Hart, H. L. (1958, February). Positivism and the Separation of Law and Morals. Harvard Law Review, 71(4), 593-629. JSTOR. https://doi.org/10.2307/1338225

Koch, P. (2019, December 20). How should we balance morality and the law? - Baylor College of Medicine Blog Network. Baylor College of Medicine Blog Network -. Retrieved June 28, 2022, from https://blogs.bcm.edu/2019/12/20/how-should-we-balance-morality-and-the-law/

Pew Research Center. (2022, June 13). 61% of Americans say abortion should be legal. Pew Research Center. Retrieved June 28, 2022, from https://www.pewresearch.org/fact-tank/2022/06/13/about-six-in-ten-americans-say-abortion-should-be-legal-in-all-or-most-cases-2/

Phu, S. (2020, May 20).
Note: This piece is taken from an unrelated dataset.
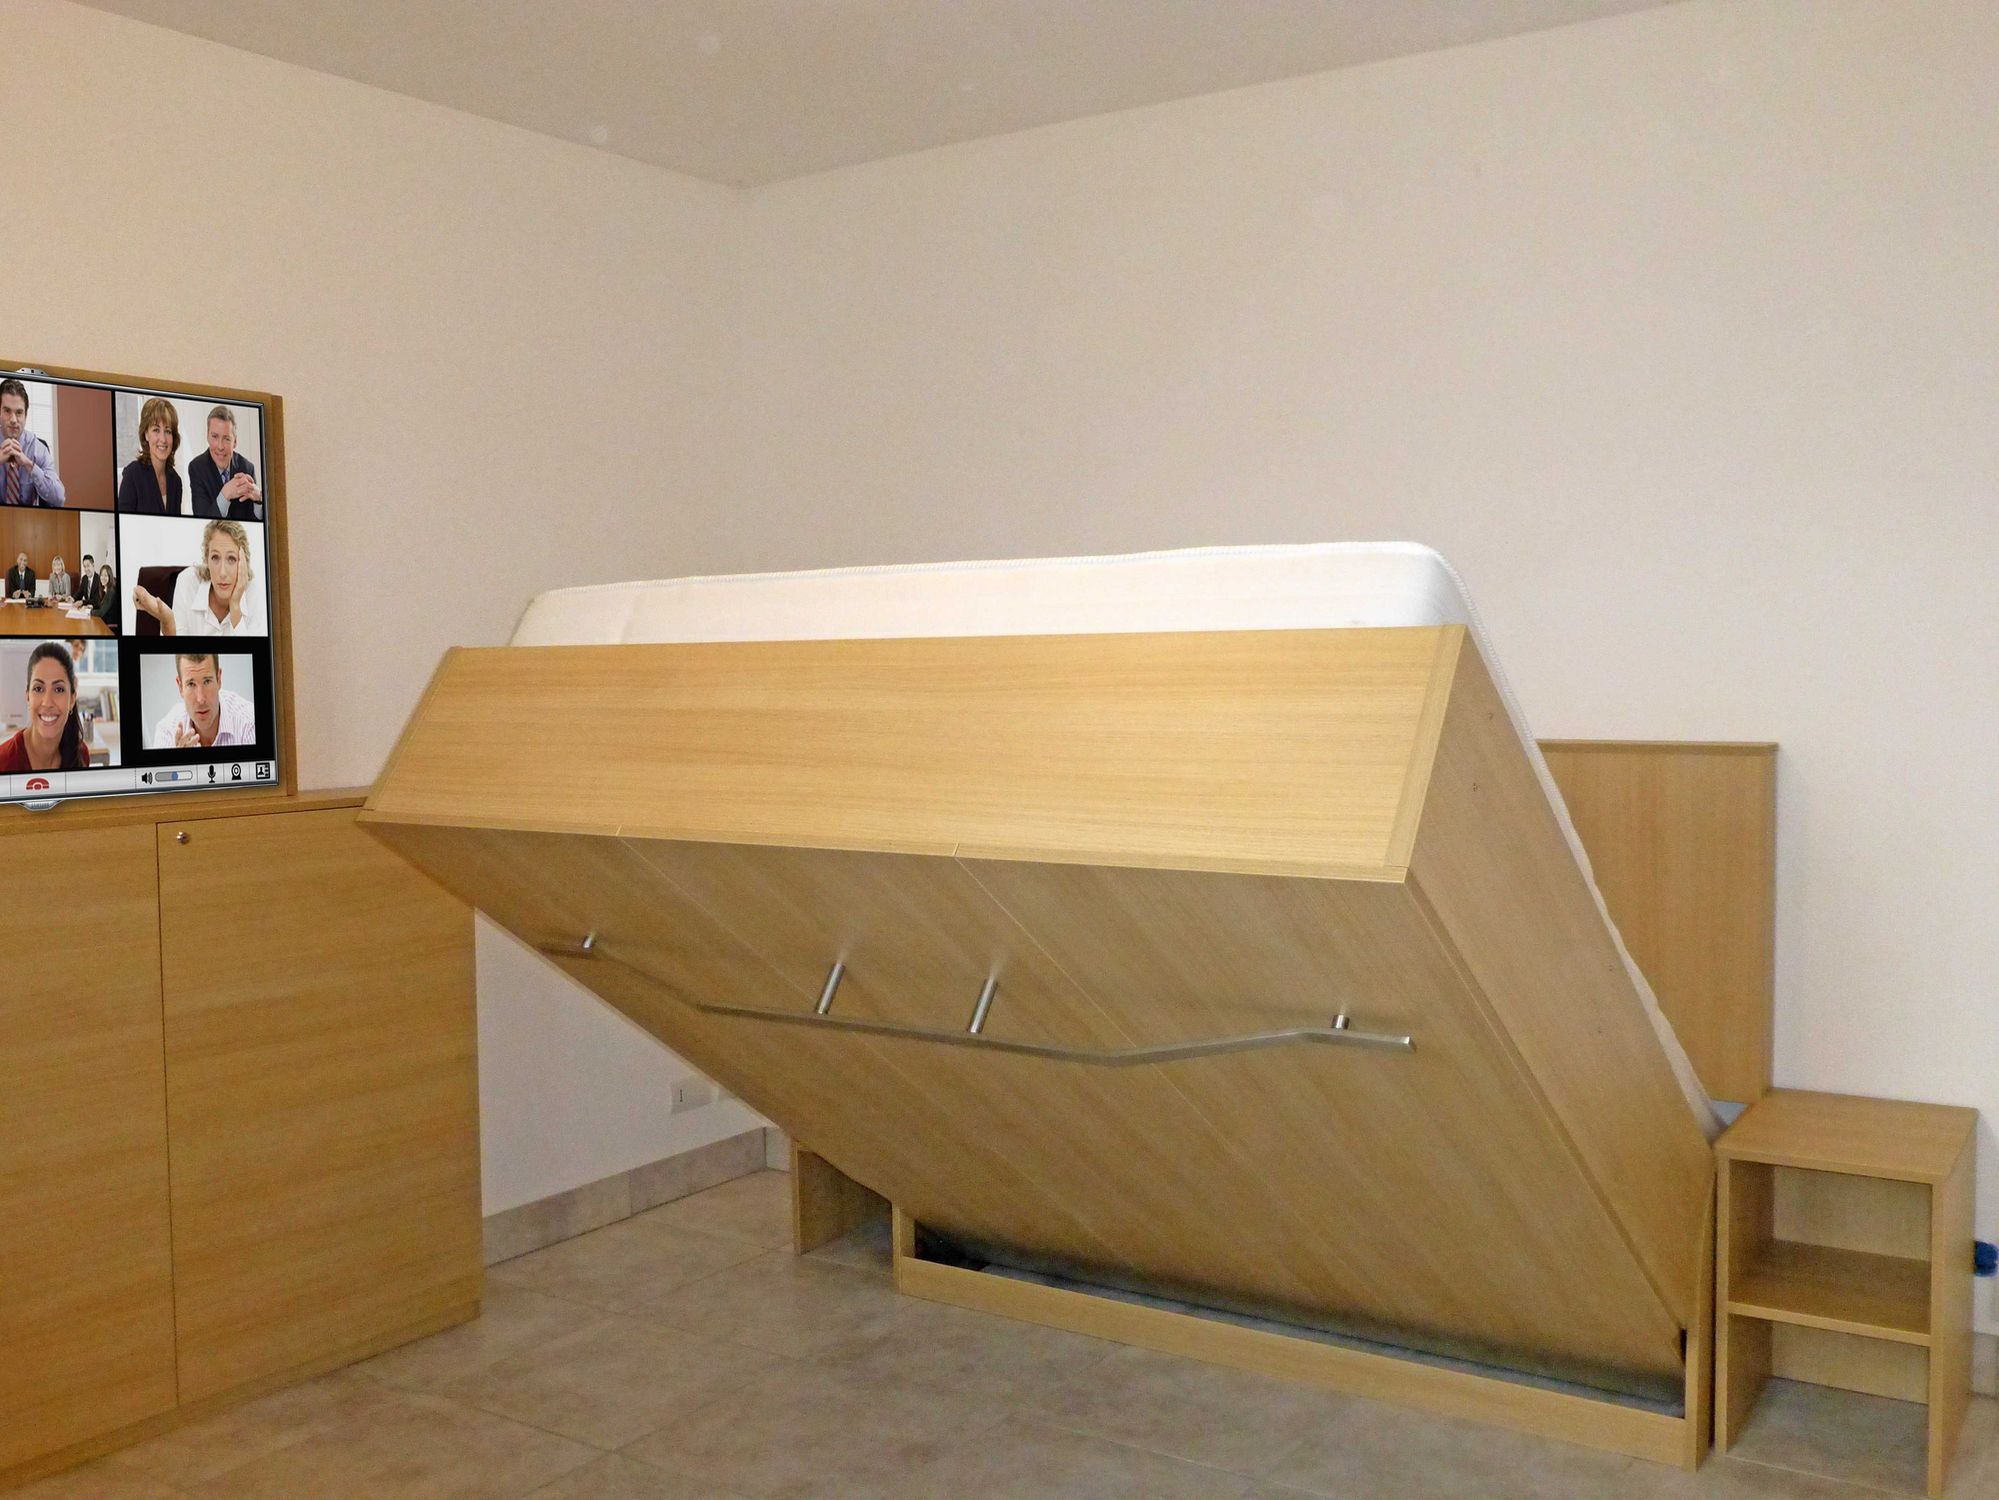 Wall Bed Manon Liftsecurity Double Contemporary Custom

Resistance Isn't Futile: A Case Study of the Hong Kong Extradition Bill Protests | Natural Sciences and Mathematics. College of Natural Sciences and Mathematics. Retrieved June 28, 2022, from https://science.du.edu/research/showcase/resistance-case-study-hong-kong-protests

Shavell, S. (2002). Law versus Morality as Regulators of Conduct. American Law and Economics Review, V4(N2), 227-257. http://www.law.harvard.edu/faculty/shavell/pdf/4_Amer_Law_Econ_Rev_227.pdf

Sutherland, C. (2016, September 9). Progressive Prudes (South Africa) | The Other Foundation. The Other Foundation |. Retrieved June 25, 2022, from https://theotherfoundation.org/progressive-prudes/

Sonnert, G., & Commons, M. L. (1994). Society and the highest stages of moral development. Politics and the Individual, 4(1), 31-55.